The result should be an exact copy of the data, free of pictures.

*** Opening Given information ***

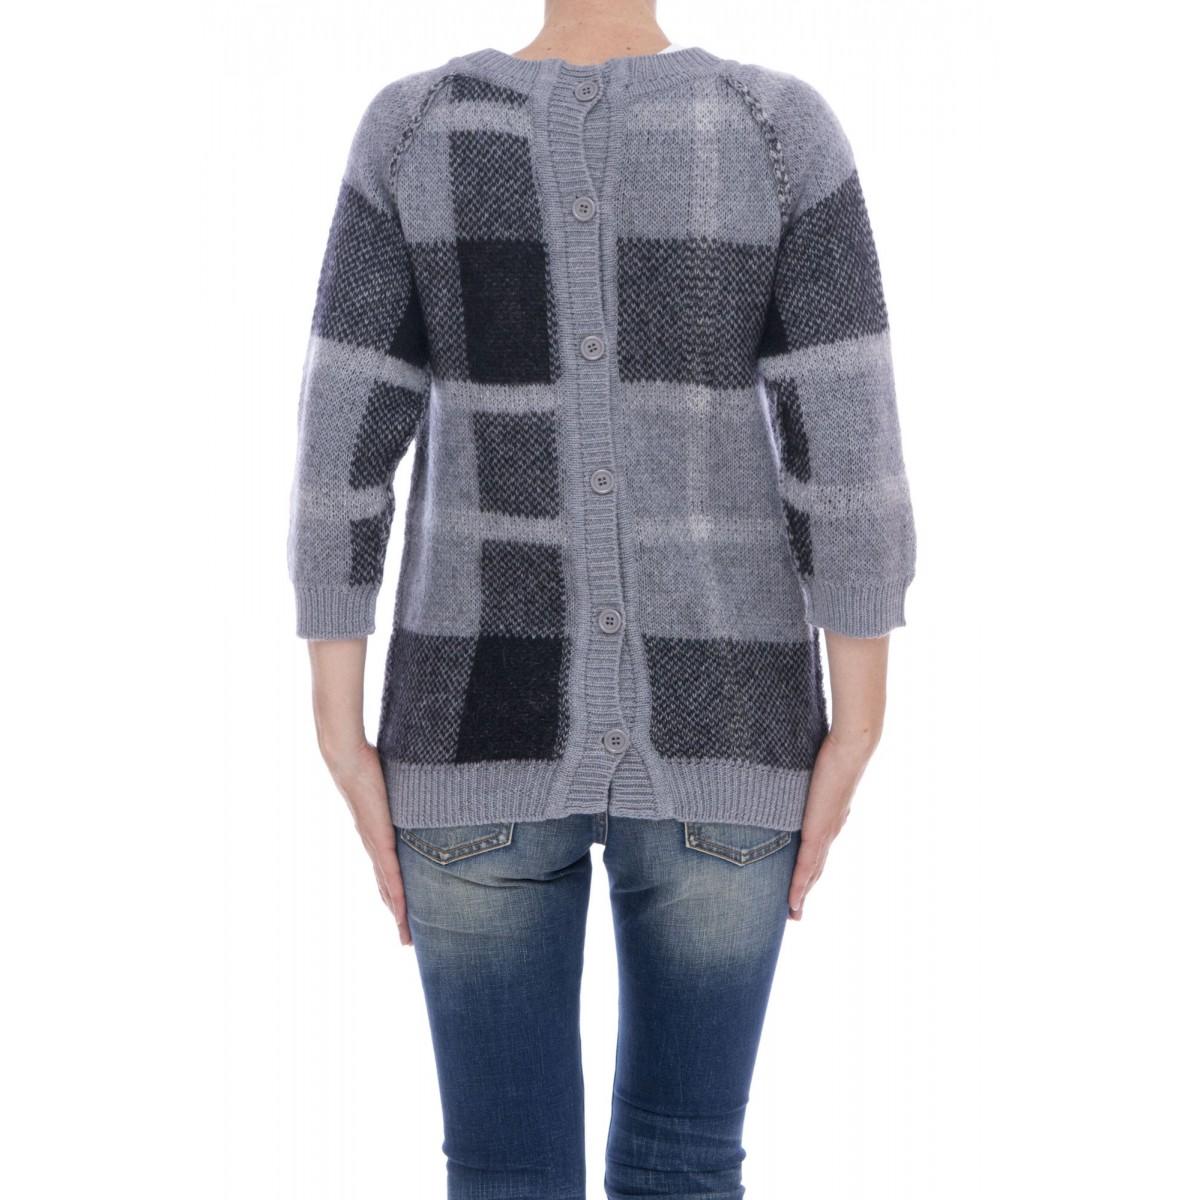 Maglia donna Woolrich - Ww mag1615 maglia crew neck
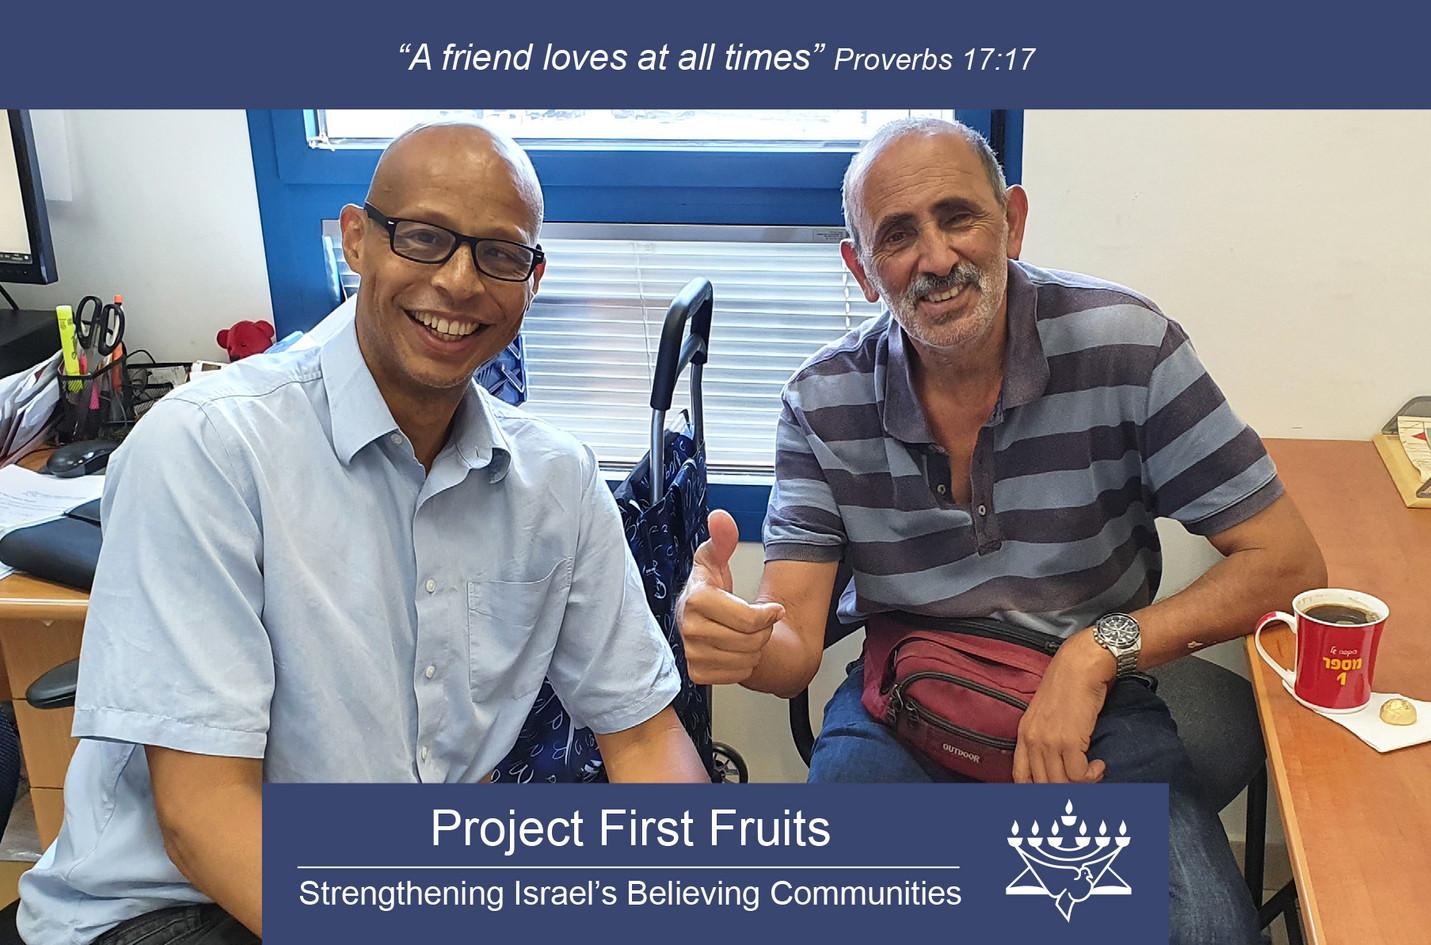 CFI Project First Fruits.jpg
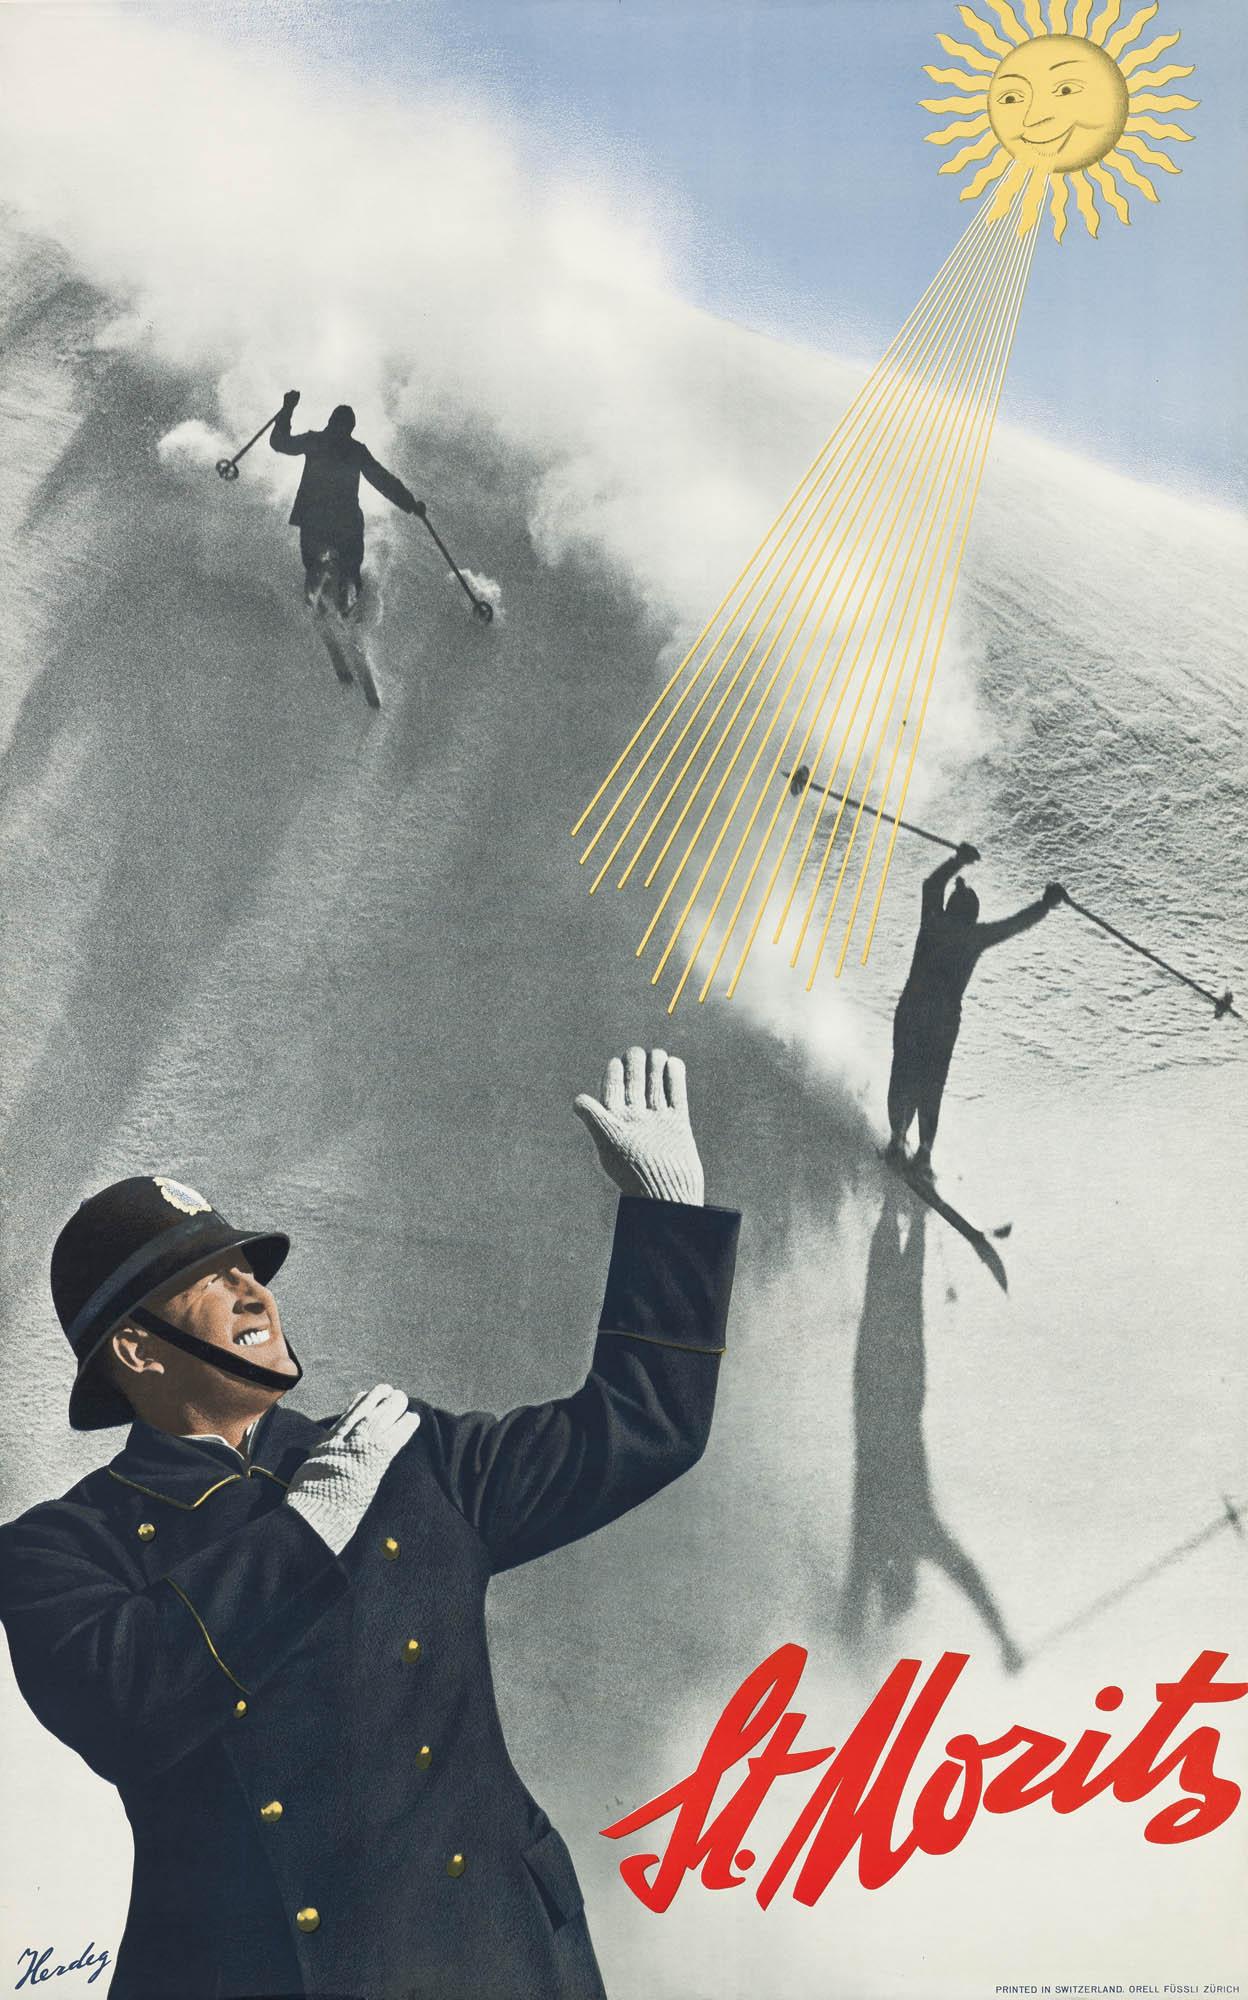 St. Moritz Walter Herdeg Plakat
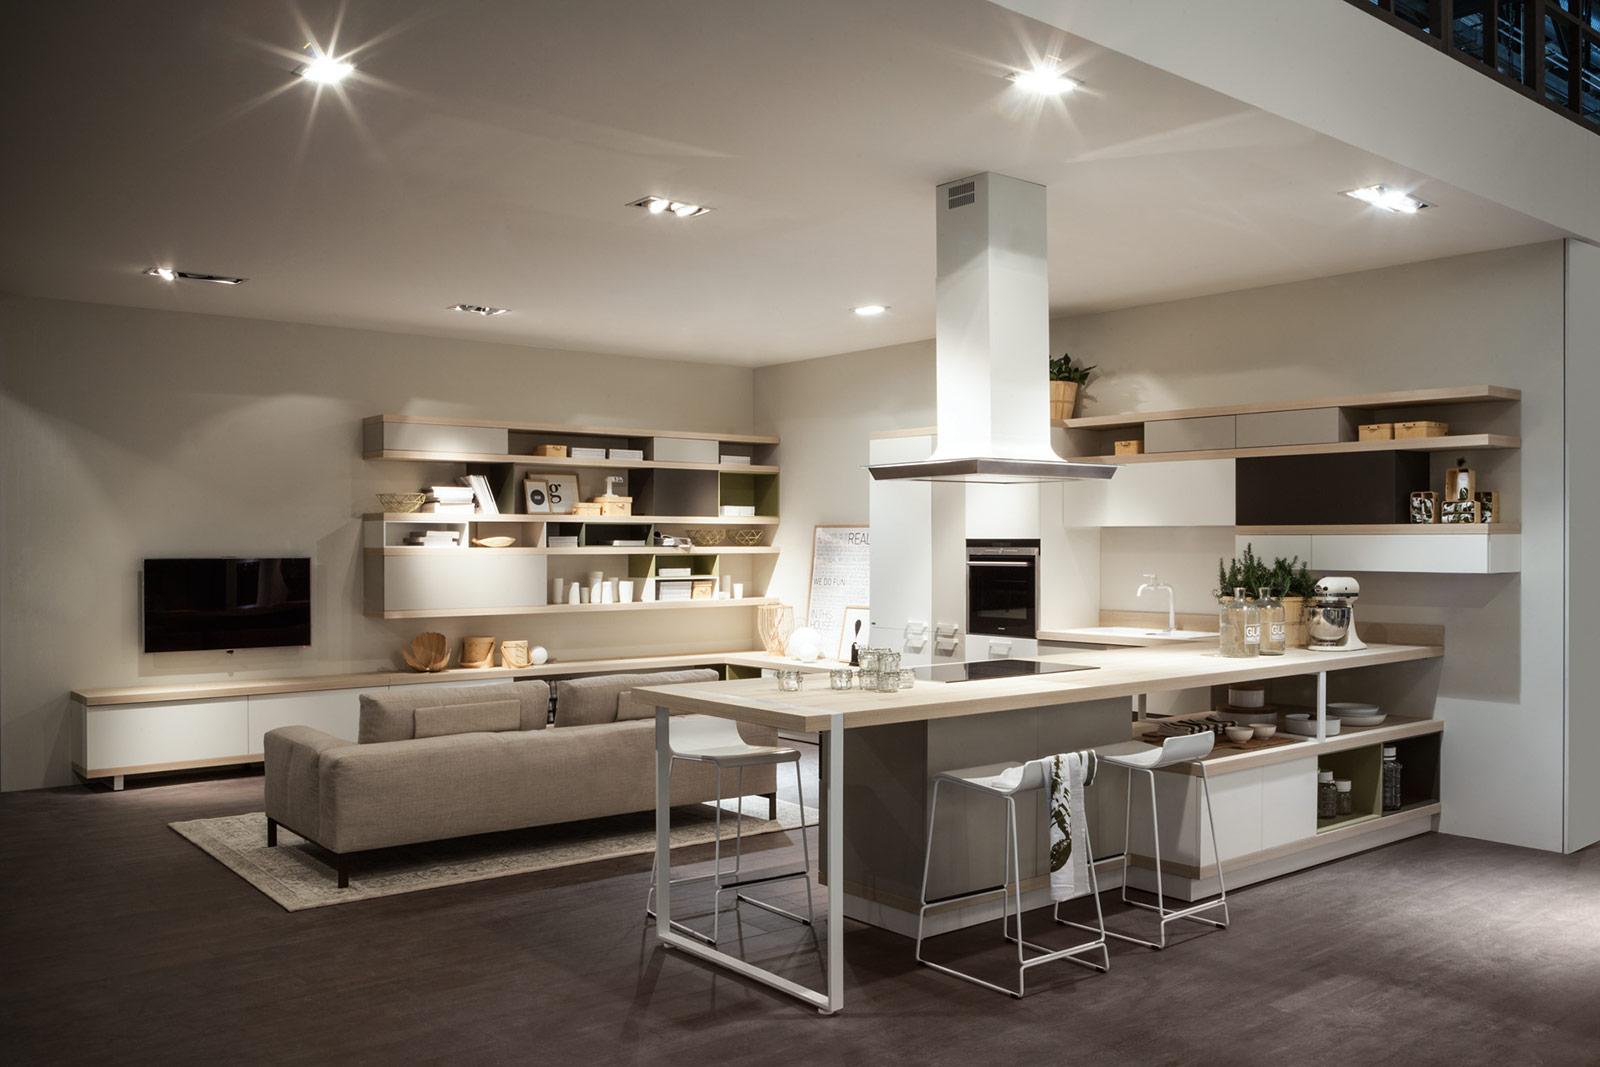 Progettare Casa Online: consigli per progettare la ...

*** Closing Given information ***

Task response:
 Maglia donna Woolrich - Ww mag1615 maglia crew neck
 CFI Project First Fruits.jpg
 St. Moritz Walter Herdeg Plakat
 Progettare Casa Online: consigli per progettare la ...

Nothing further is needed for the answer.